Required action: Give back all of the data exactly as it stands, with the pictures removed.

Supplied data:
--- START ---
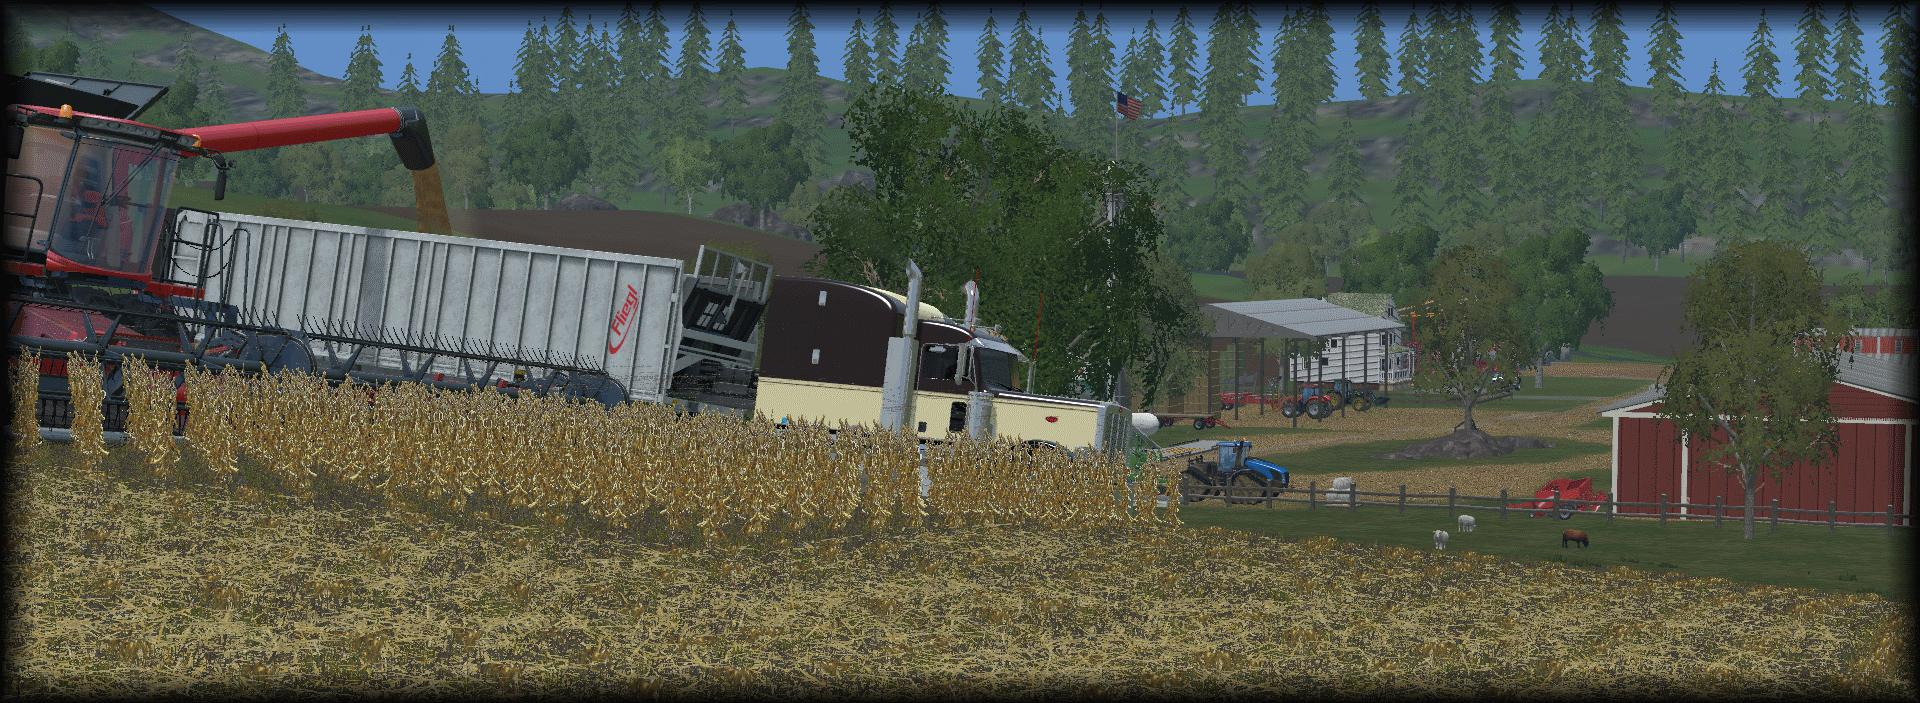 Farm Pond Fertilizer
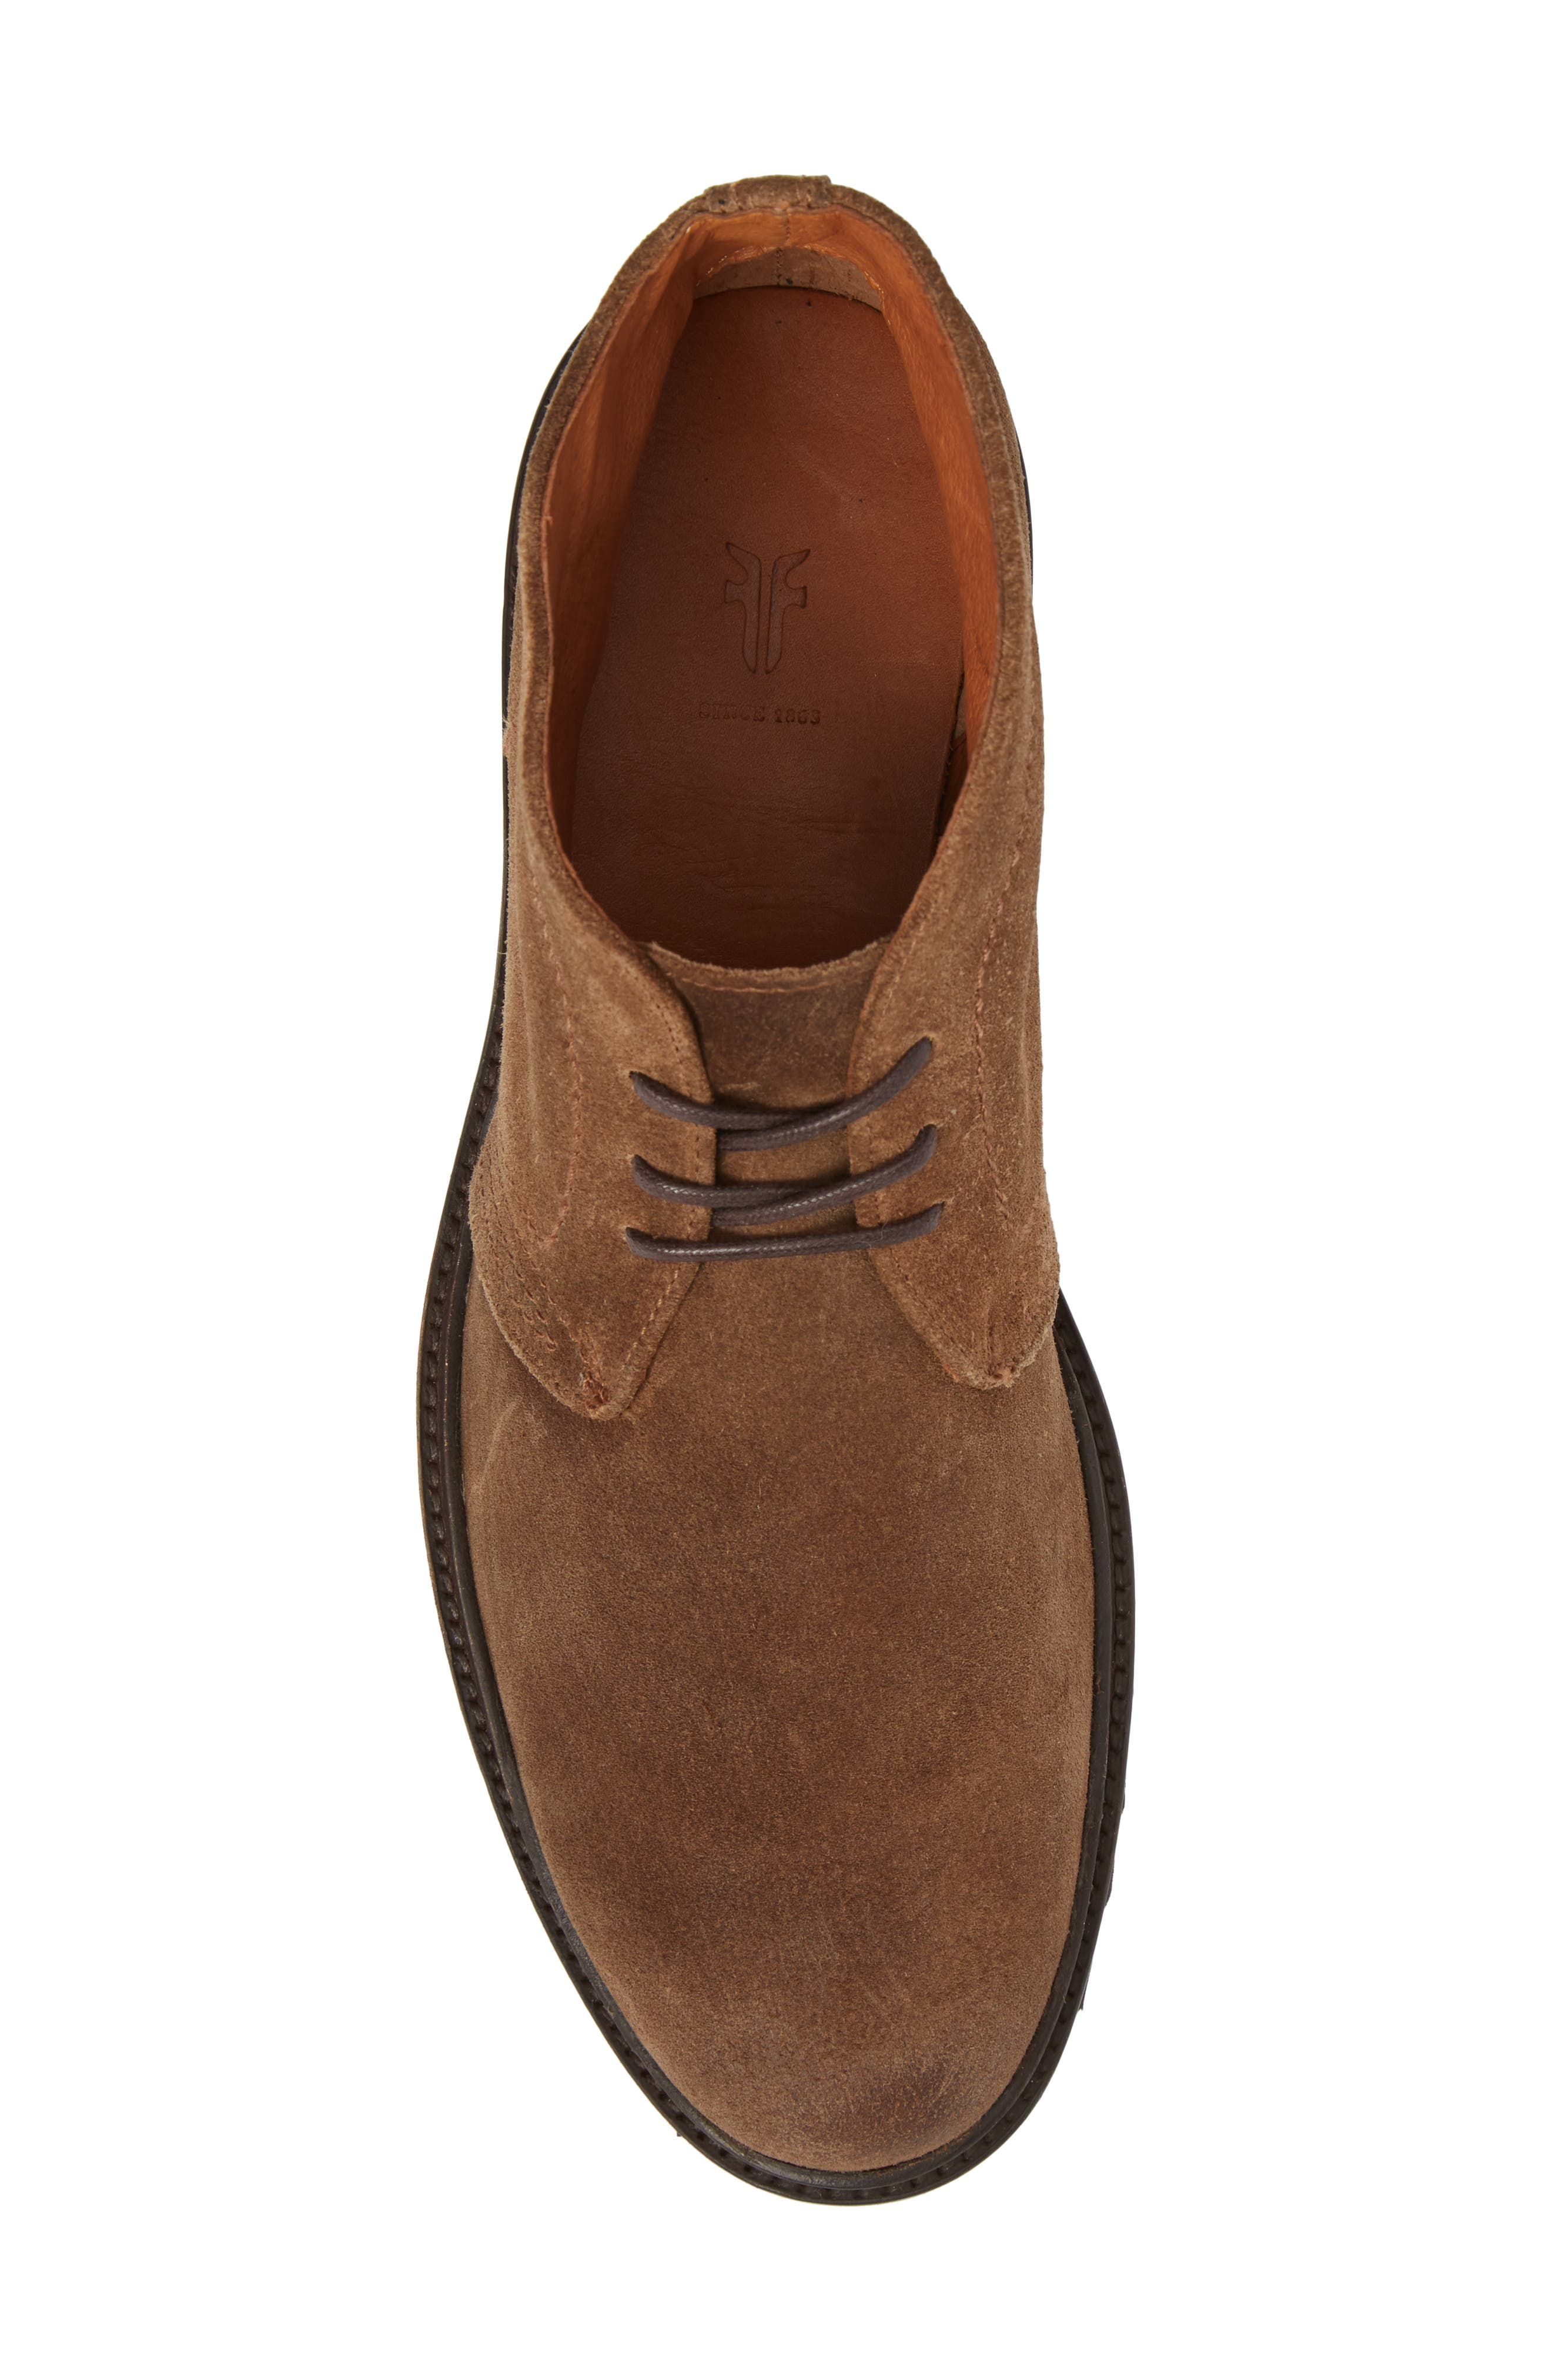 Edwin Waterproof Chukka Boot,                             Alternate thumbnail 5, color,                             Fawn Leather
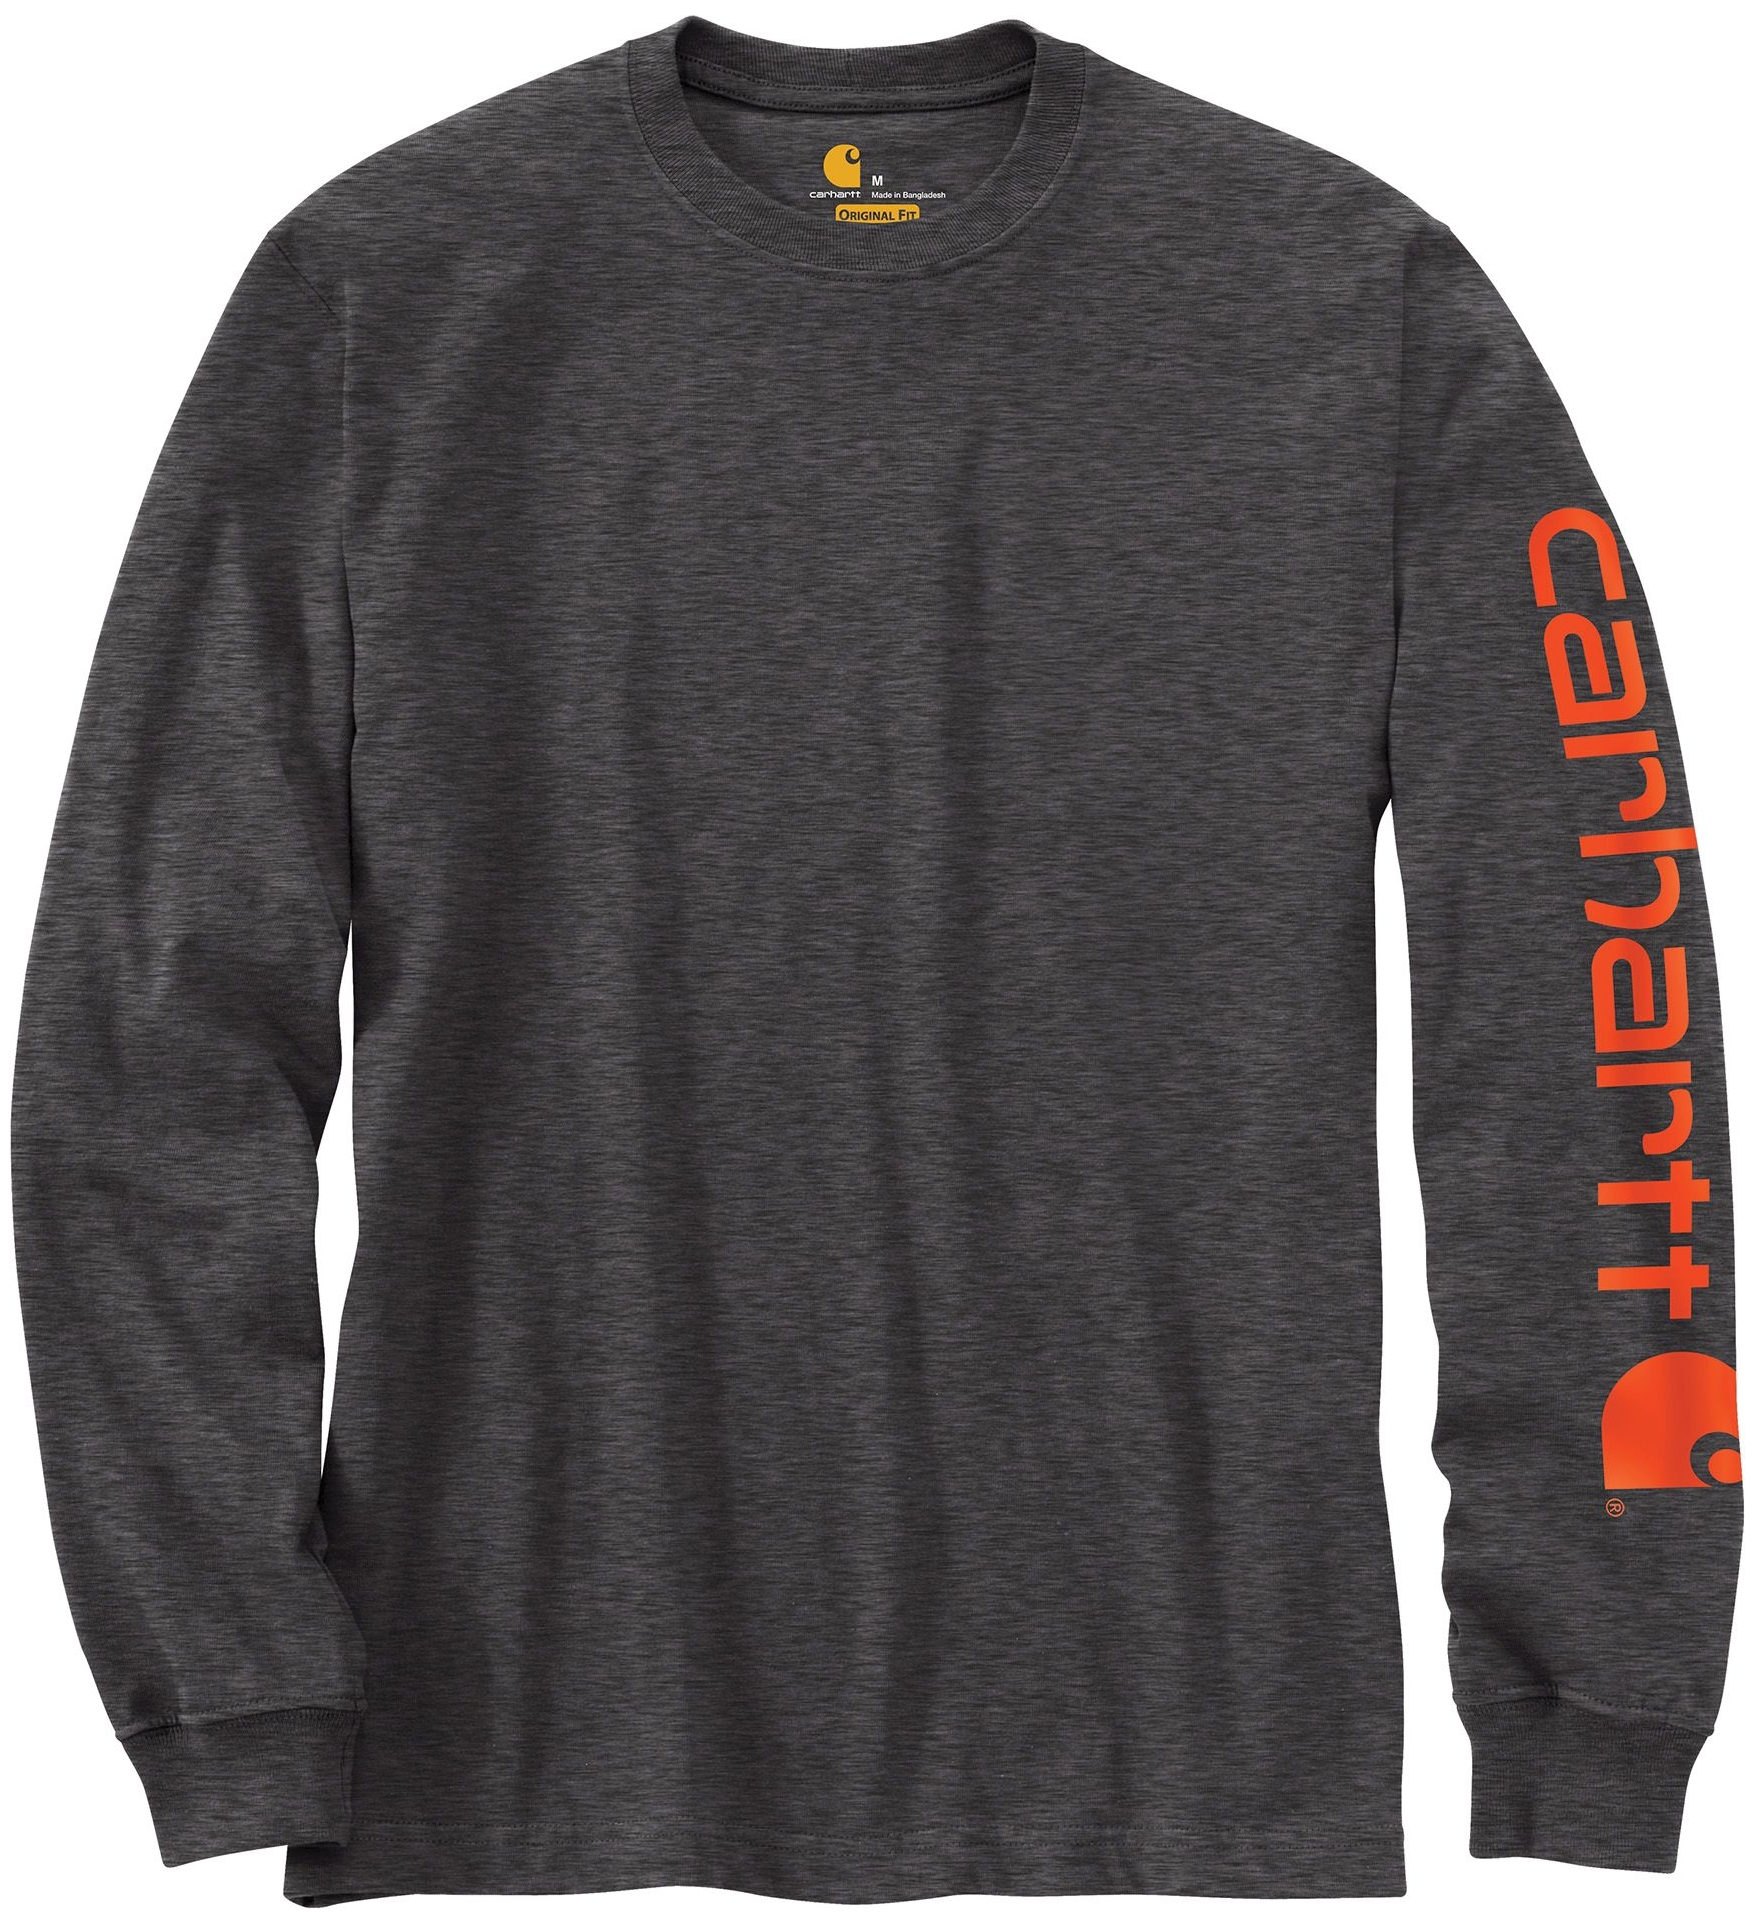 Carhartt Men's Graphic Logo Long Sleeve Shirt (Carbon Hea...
--- END ---
Answer area:
 Farm Pond Fertilizer
 Edwin Waterproof Chukka Boot,                             Alternate thumbnail 5, color,                             Fawn Leather
 Carhartt Men's Graphic Logo Long Sleeve Shirt (Carbon Hea...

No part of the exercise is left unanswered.